Tale situazione si esprime nel linguaggio attraverso l'uso ricorrente del “si” (“si dice”, “si pensa”, “si fa”...) e la
riduzione del discorso a chiacchiera, alla passiva accettazione di quanto viene detto.
Il passaggio all'esistenza autentica
Come è possibile accedere all'esistenza autentica? Secondo Heidegger, sulla scia di Kierkegaard, ciò è possibile
sperimentando un particolare modo di sentire: l'angoscia. L'angoscia si distingue dalla paura, che è sempre
timore determinato; essa rappresenta il sentimento che scaturisce di fronte alla nullità del mondo, “alla
possibile impossibilità di tutte le possibilità dell'uomo”. L'esserci è “progetto gettato”, si trova a esistere, a
esser-ci, senza averlo deciso. Pur essendo “fondamento” di se stesso e del mondo, egli è “assenza di
fondamento”, un progetto che poggia su una nullità. L'angoscia rivela all'uomo questo nulla su cui si fonda il
mondo e la sua stessa esistenza e dunque, gli rivela la sua costitutiva finitezza, mettendolo in relazione con la
temporalità e la morte.
Gli uomini rifuggono dal pensiero della propria morte, ma essa non è intesa da Heidegger in senso negativo,
come fine della vita, ma come la prospettiva che può conferire senso alla vita stessa, in quanto sottrae l'uomo
alla dimensione inautentica del “sì”, alle possibilità illusorie della quotidianità spesa in attività vane e futili, e
lo pone di fronte a una piena assunzione di responsabilità nei confronti di se stesso e della propria esistenza.
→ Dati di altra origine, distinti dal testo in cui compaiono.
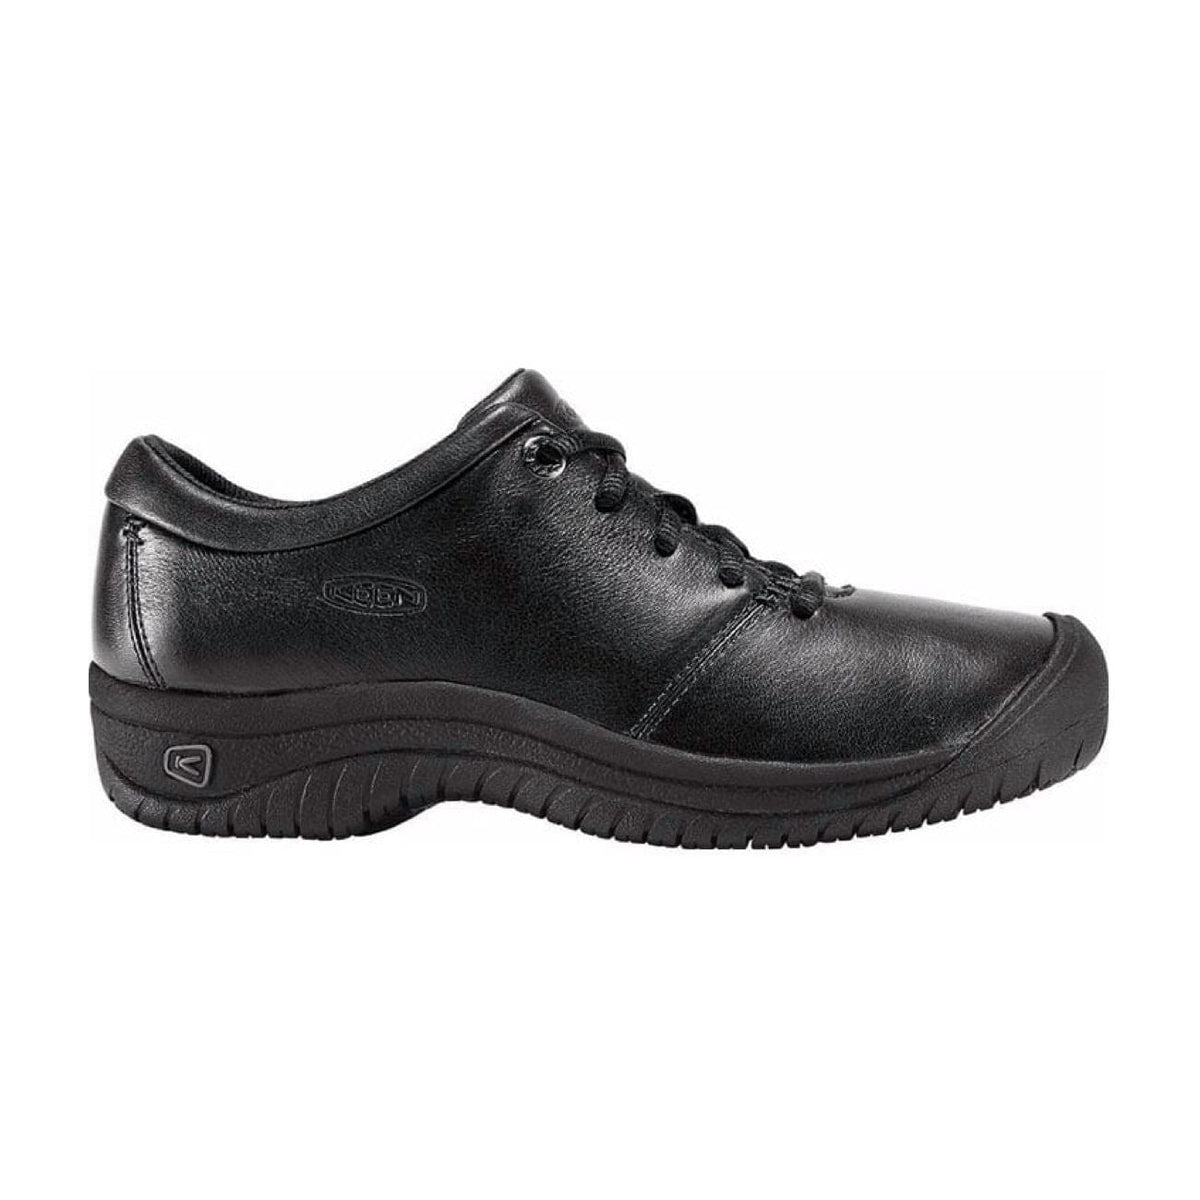 Keen, PTC Oxford, Leather, Women’s, Black Shoes Keen 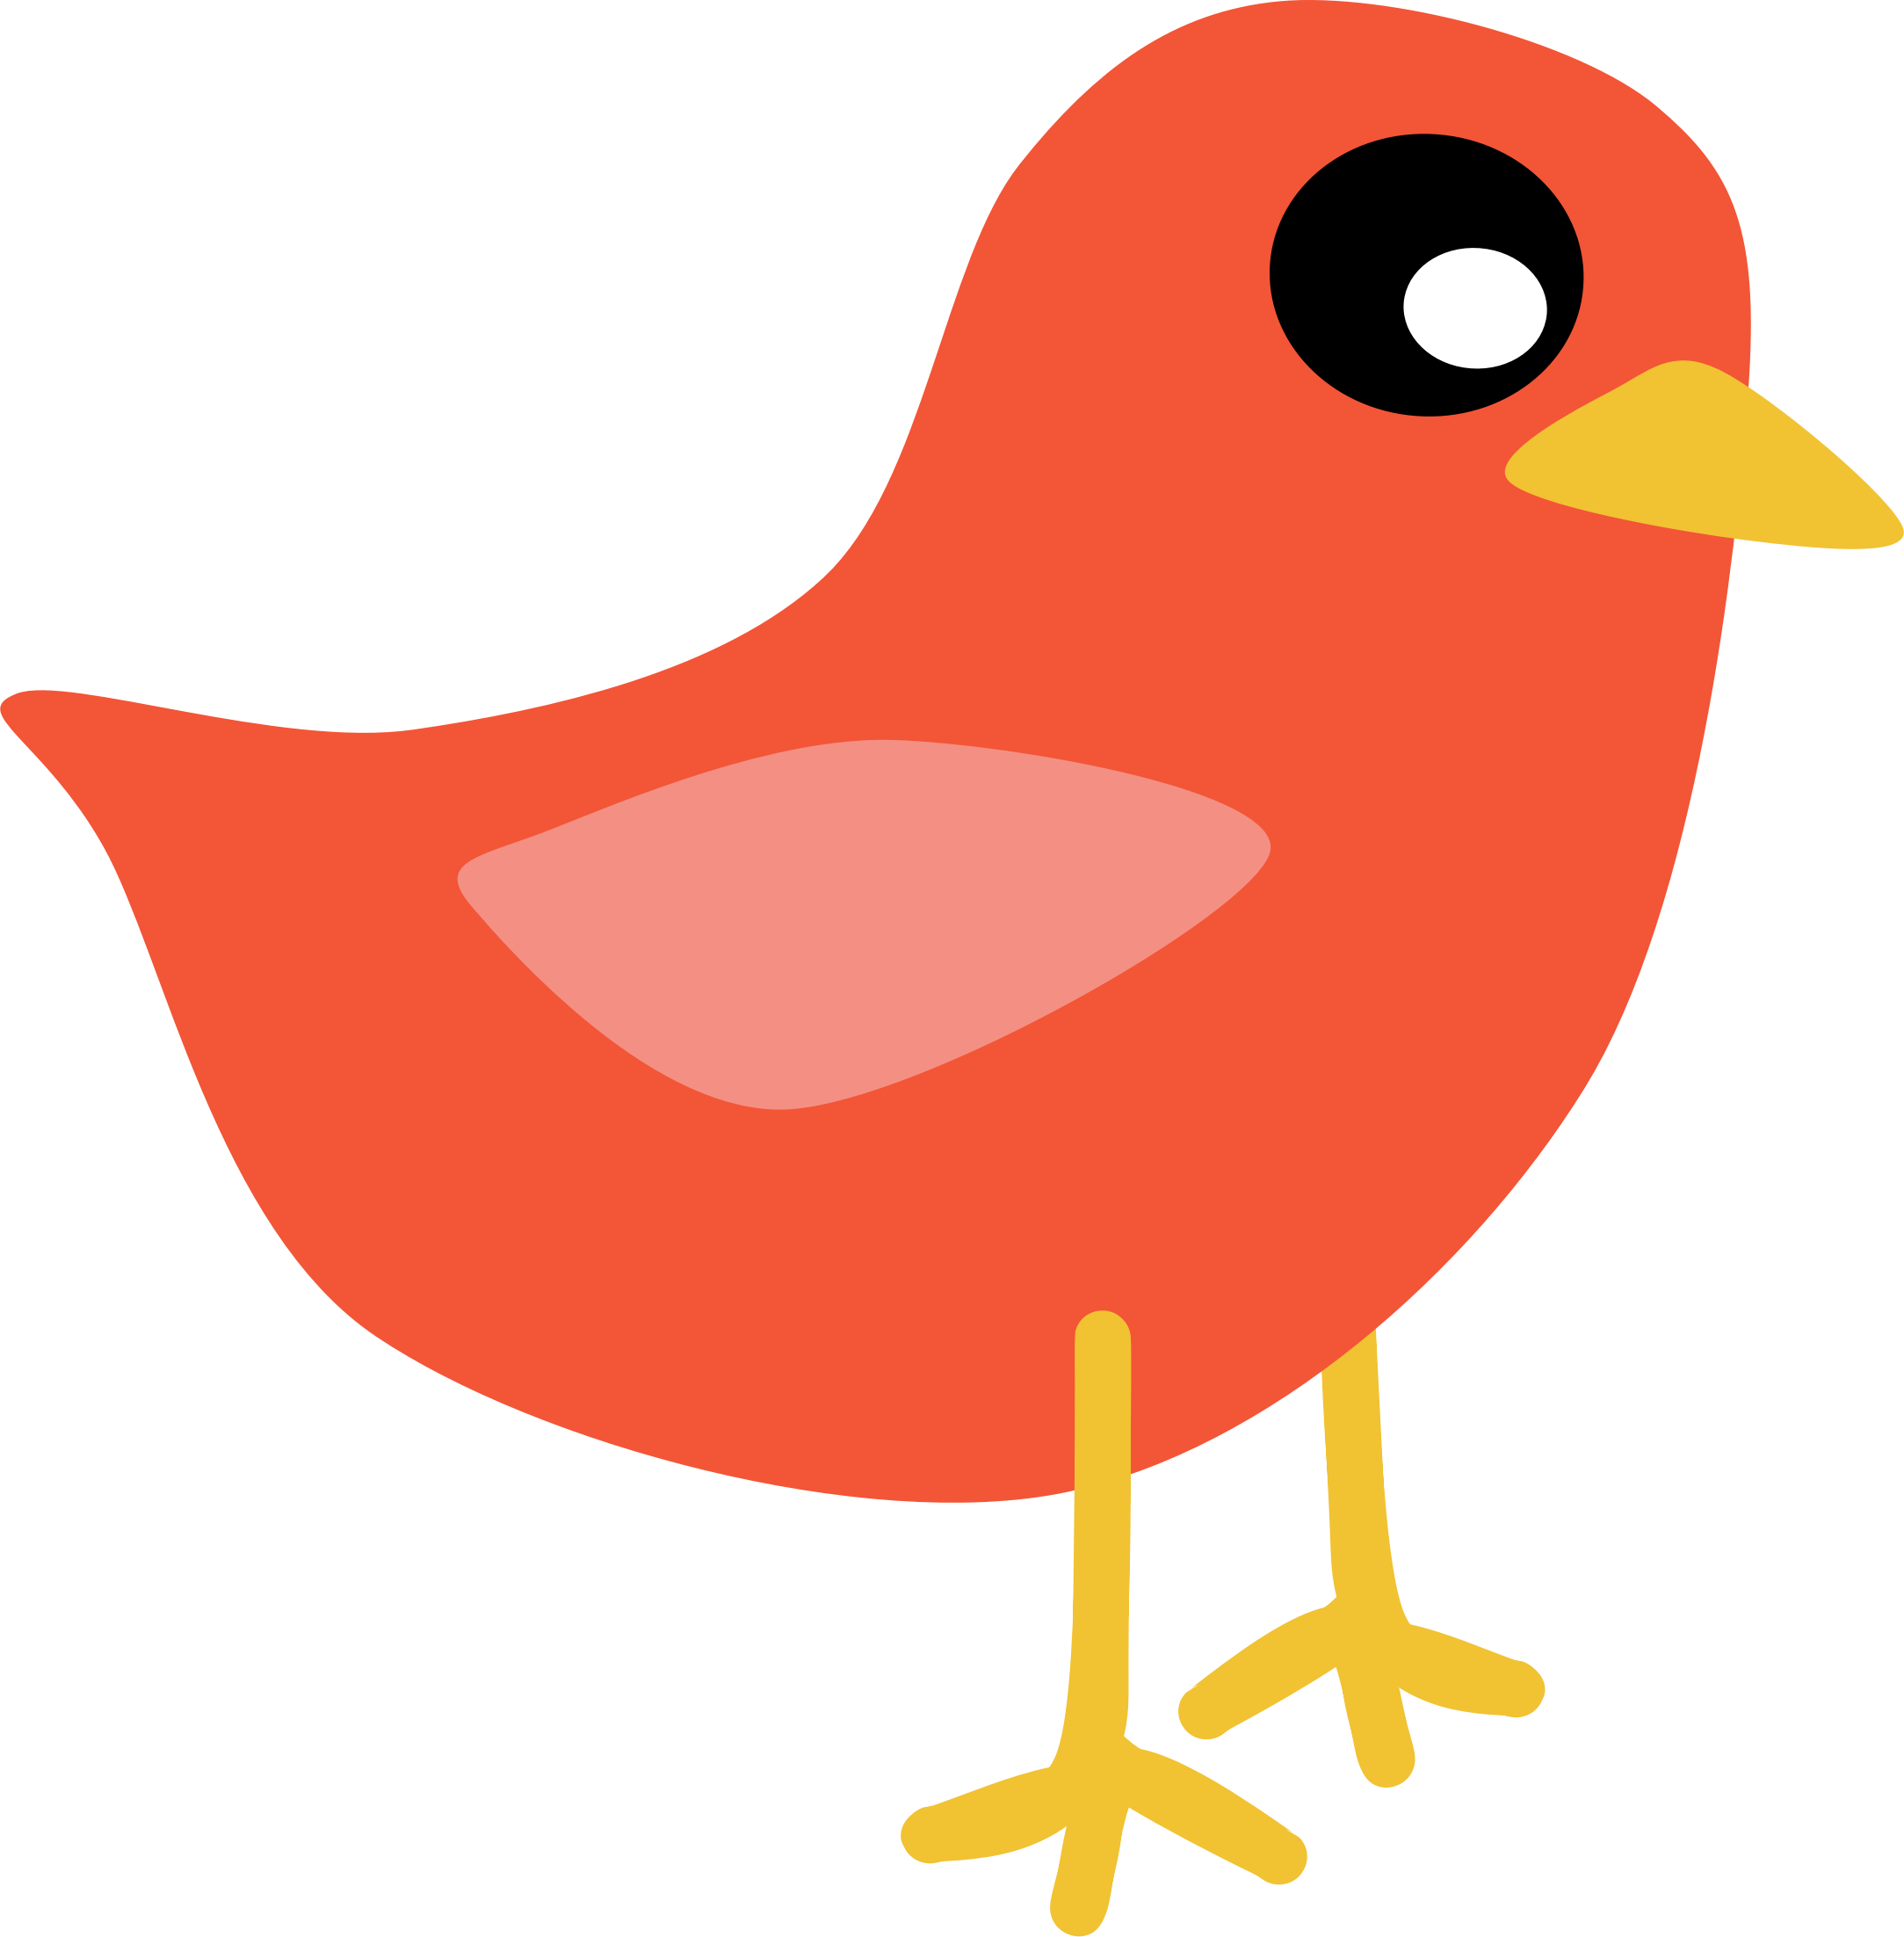 Cute red bird clip art - Clipartix

Solo l' “anticipazione della morte” e il riconoscimento di se stesso come “essere-per-la-morte”, cioè essere
limitato, possono evitare all'uomo di disperdersi nel vuoto dell'esistenza “deietta”. Vivere autenticamente,
vivere per la morte, significa condurre la propria esistenza nella piena coscienza che il nostro orizzonte di vita
è limitato e che dunque le scelte che compiamo hanno il valore dell'irreversibilità, dell'aut-aut, che impone
una presa di posizione radicale.
L'anticipazione della morte, mentre svela all'uomo il nulla del mondo e dell'esserci, gli permette
contemporaneamente di far ritorno a se stesso.
La nozione di temporalità
Vivere nel tempo è per l'uomo essenziale: ogni suo atto cade nel tempo. Le stesse strutture fondamentali
dell'esserci hanno una dimensione temporale: la comprensione e la cura rinviano al futuro come condizione di
progettualità; la deiezione (l'esser ridotto a cosa tra le cose nella modalità inautentica dell'esistenza) confinano
l'uomo nel presente anonimo e alienato della temporalità quotidiana; la situazione affettiva (nella forma
dell'angoscia e della paura) rivelano all'esserci il legame con il passato, con la condizione di in-fondatezza e di
gettatezza che gli è propria e che rappresenta il suo limite.
Da-sein significa essere gettato nel presente, essere-qui.